There’s still the question whether this will run in time. Note that for the highest column there may be 2^(2*n-1) masks to consider; if we were to transit to each of the 2^(2*n-2) masks for the adjacent column, that would constitute 2^29 operations in the maximum case - too many. Instead for each mask we should carefully consider only adjacent column’s masks that actually correspond to possible arrangements of heroes - that can be implemented by backtracking. Proving that there are few enough valid transitions is exercisey.

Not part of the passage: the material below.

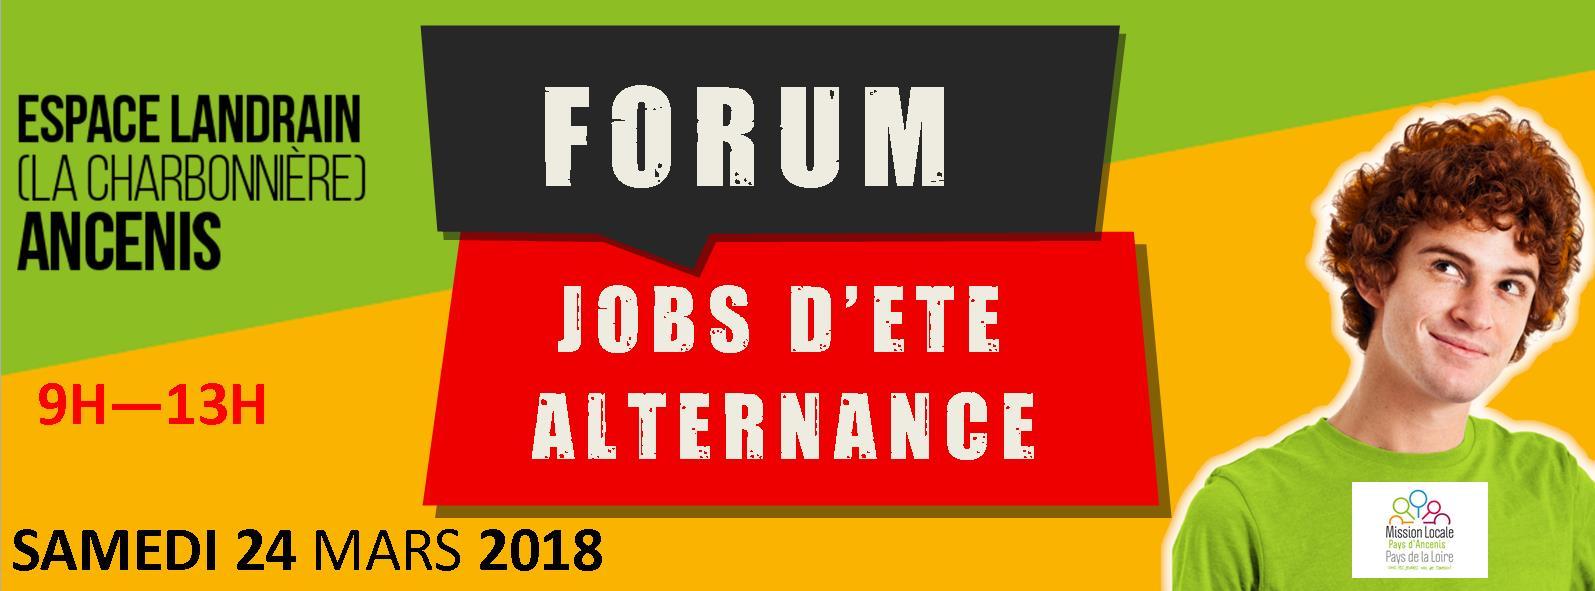 Forum jobs d'été alternance 2018 - 9h 13h - A la Charbonnière Espace Landrain

Used as: Division One - Level Three:
Value | 950 |
Submission Rate | 41 / 792 (5.18%) |
Success Rate | 13 / 41 (31.71%) |
High Score | ACRush for 810.52 points (12 mins 13 secs) |
Average Score | 496.25 (for 13 correct submissions) |
The number of staircase configurations for size n is Catalan(n). Look in wikipedia page for Catalan numbers or rng_58 explanation in the forums.Let it be n.
The answer is k^n mod p. We know that k^(p-1) mod p is 1 from fermats little theorem. So if we know n%(p-1)=r , then our answer is k^r mod p.
The difficulty lies in calculating Catalan(n)%(p-1). The mod (p-1) can be computed because p-1=2*3*11*2089*7253.
So if we have x=k{1} mod 2 , x= k{2} mod 3 , x=k{3} mod 11… , using the chinese remainder theorem we can find the smallest x that satisfies the equation. So we have reduce Catalan(n)%2,3,11 to plugin the values of k{i}'s.
Once we find the smallest x the value can be computed.
Now the problem is reduced to finding Binomial(N,k) mod p. This could be done by Lucas theorem or compute n! mod p * inverse of (k! mod p). This is explained by maxdiver at Binomial mod p
Not to overlook is people solving it correctly, solving it in under 30 mins, AcRush under 15 minutes.